- Research article
- Open Access
Vascular tortuosity in relationship with hypertension and posterior fossa volume in hemifacial spasm
BMC Neurology volume 16, Article number: 120 (2016)
Hemifacial spasm (HFS) is a disabling neurological condition. Vascular tortuosity in HFS patients has not been quantified objectively and its relationship with hypertension and posterior fossa volume (PF) is unknown. In a case control magnetic resonance imaging and angiographic (MRI/A) study, we quantified and compared the vascular tortuosity in HFS and controls, and evaluated its relationship with hypertension and PF.
Using a commercially available vessel probe tool, an index of tortuosity based on vessel over chord length was employed to quantify vascular tortuosity of the vertebral (VA) and basilar arteries (BA) in 79 subjects (40 HFS, 39 controls).
The tortuosity index of the BA (1.09 vs 1.16, p = 0.26, 95 % CI 1.07, 1.23), RVA (1.15 vs 1.15, p = 0.83, 95 % CI 1.06, 1.38) and LVA (1.14 vs 1.288, p = 0.16, 95 % CI 1.14, 1.44) was not different between HFS and controls, with adjustments for PF volume and hypertension.
Contrary to popular belief, our study showed that taking into account hypertension and PF volume, vascular tortuosity of the vertebrobasilar arteries is unlikely to be a major etiologic factor in HFS, though its role in select individuals cannot be excluded. The complex interplay of facial nerve hyperexcitability, genetic predisposition, vascular tortuosity, posterior fossa volume and hypertension needs to be further evaluated.
Hemifacial spasm (HFS) is characterized by intermittent, unilateral, and involuntary contractions of the facial muscles and neurovascular conflict at the facial root exit zone (REZ), and is widely recognized as the most likely underlying etiology [1–13]. The facial REZ from the brainstem is a segment of about 10 mm lying between central and peripheral myelination of axons. This reduced myelination predisposes to nerve dysfunction if lesions affect the nerve at this anatomical site. Pulsatile vascular compression of the facial nerve at this site has been implicated as the cause [8, 13]. The culprit vessels are generally loops of the anterior inferior cerebellar artery, posterior inferior cerebellar artery or vertebral artery. As a result, surgical microvascular decompression to relieve the nerve root has become an established treatment of this condition [8, 13].

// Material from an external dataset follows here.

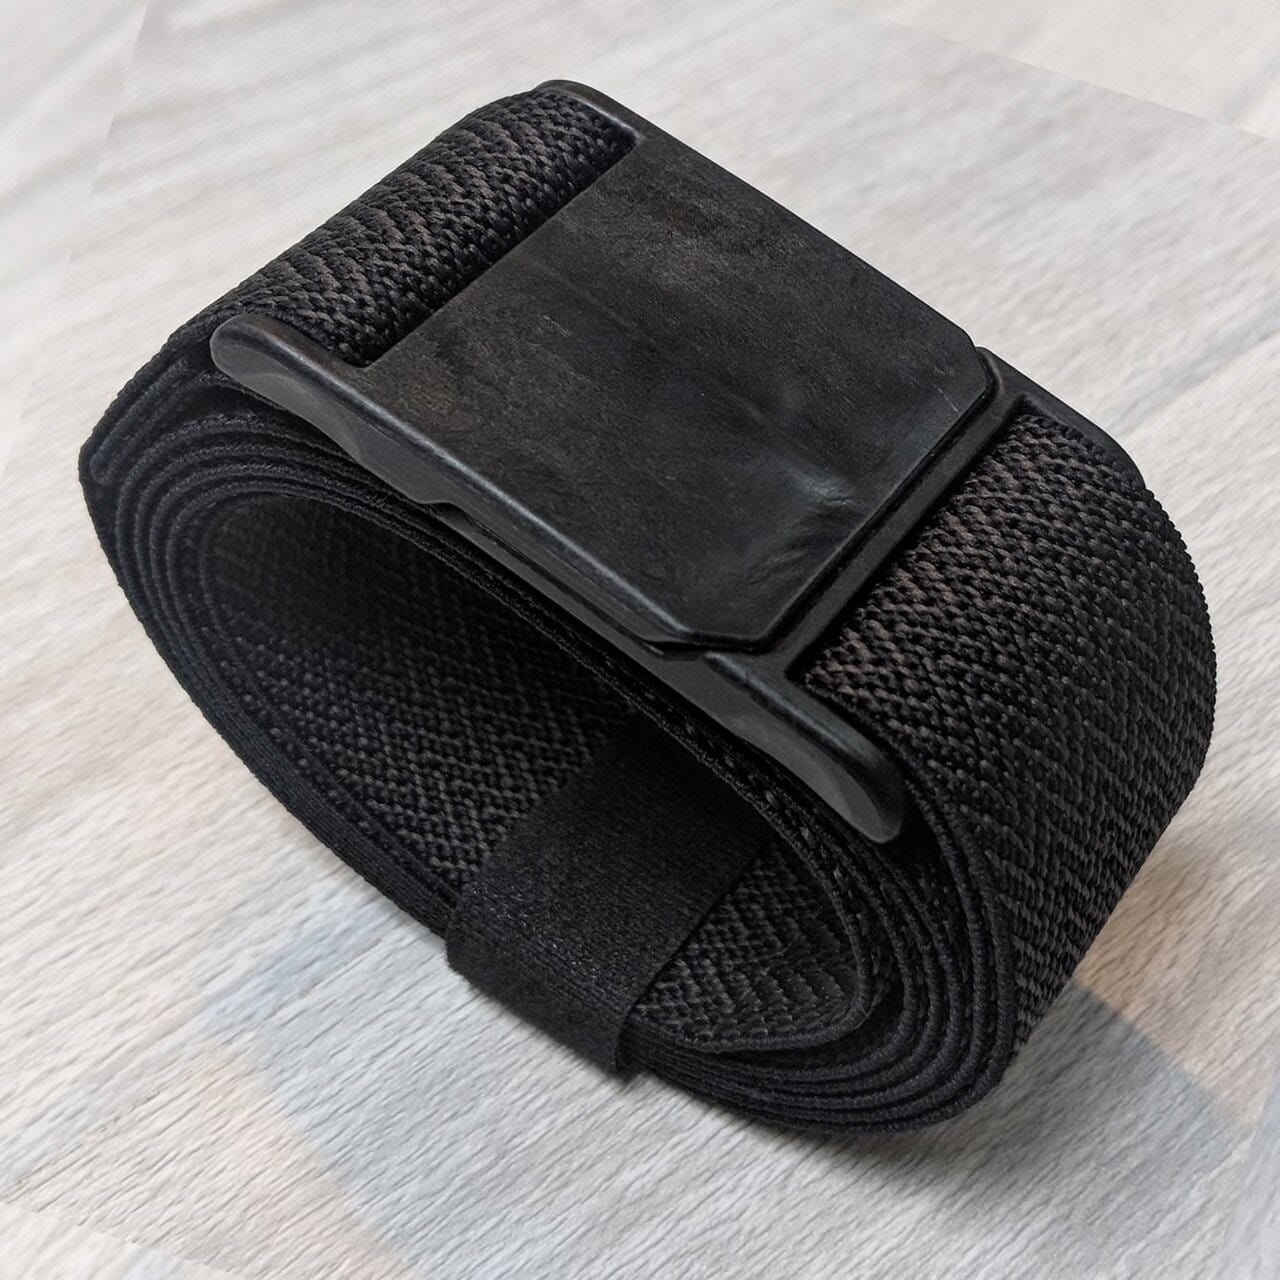 The M series belt with a magnetic buckle

A number of potential predisposing factors to the development of HFS have been investigated, including female sex, increased vascular tortuosity , reduced posterior fossa volume [4, 6], and arterial hypertension [3, 4, 11, 12].
Vascular tortuosity is a subjective concept, and descriptions of tortuosity in HFS have included REZ compression caused by dolichoectasia, localised vascular tortuosity, or more generalised tortuosity of the vertebrobasilar system. Objective approaches to automated analysis of tortuosity have been varied, with the most applications in the analysis of retinal vascular tortuosity with two dimensional images. Analysis of tortuosity in three-dimensional images of cerebral vasculature is usually based on subjective qualitative assessments. To our knowledge, there have been no published data on quantitative evaluation of vascular tortuosity in HFS.

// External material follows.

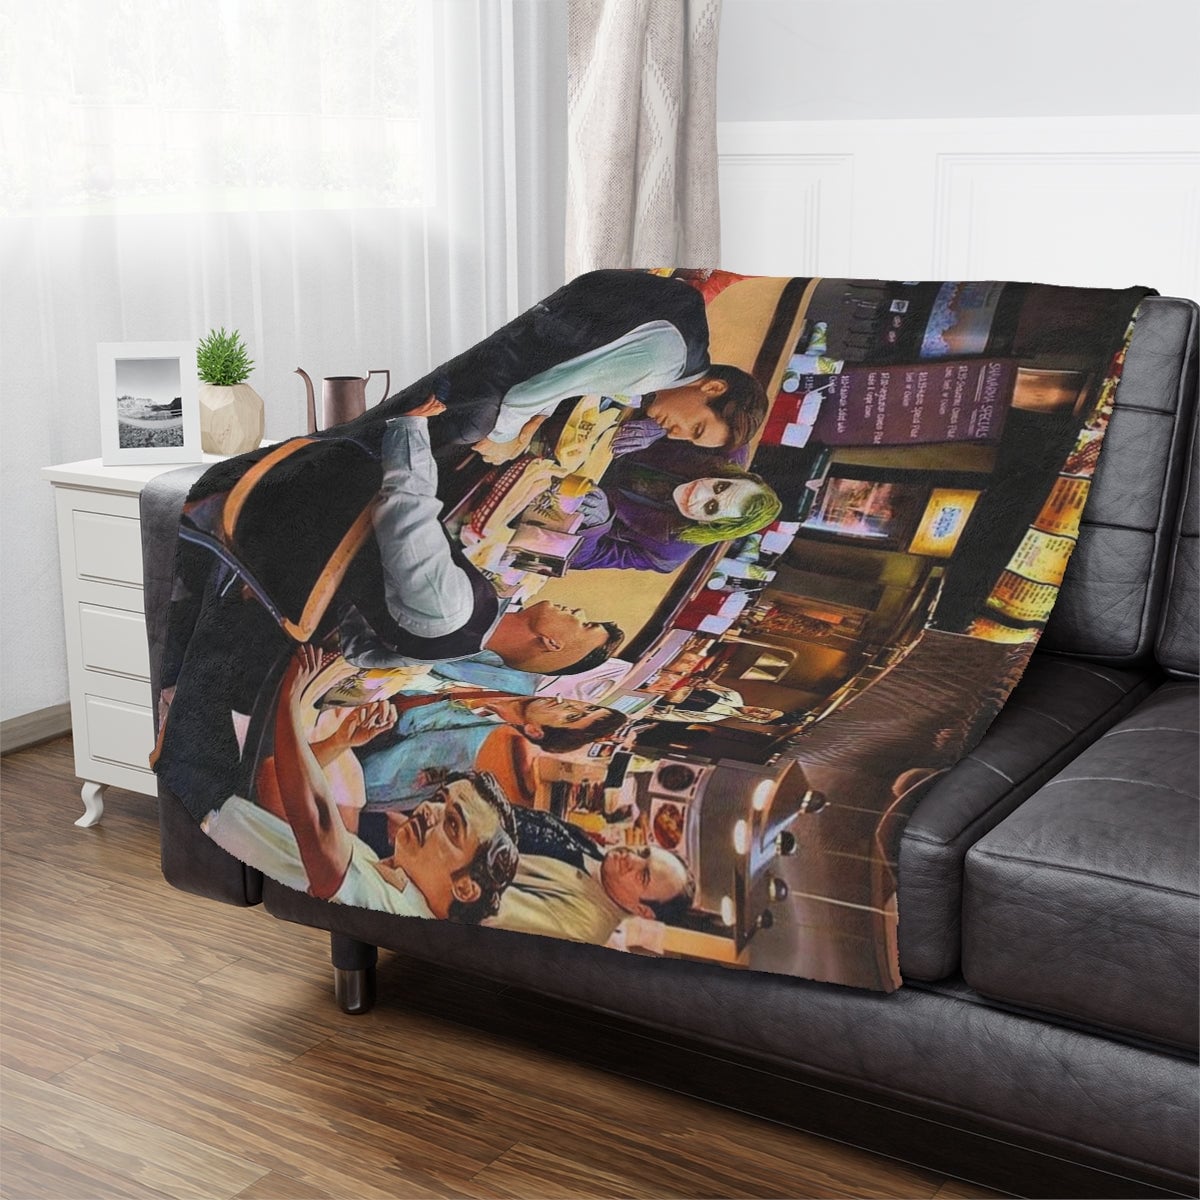 The Best Famous Mobster Movies Minky Blanket draped over a sofa, creating a nostalgic atmosphere.

To address the current gaps in knowledge, we studied the tortuosity index in a case control cohort of HFS. Using magnetic resonance angiography (MRA), we calculated the vertebrobasilar tortuosity index and examined its association with HFS, and its interaction with factors such as posterior fossa CSF volume and arterial hypertension.
HFS patients were diagnosed by a movement disorders neurologist and consented to MRI/MRA evaluation to exclude structural and vascular abnormalities in the posterior fossa as part of clinical care. These patients gave verbal informed consent for the MRI/A and their data anonymised for the analysis. A history of hypertension was recorded. Controls were volunteers without HFS, matched one-to-one for age, gender and hypertension and gave written informed consent for the imaging research study. This study was approved by the Singapore General Hospital ethics committee.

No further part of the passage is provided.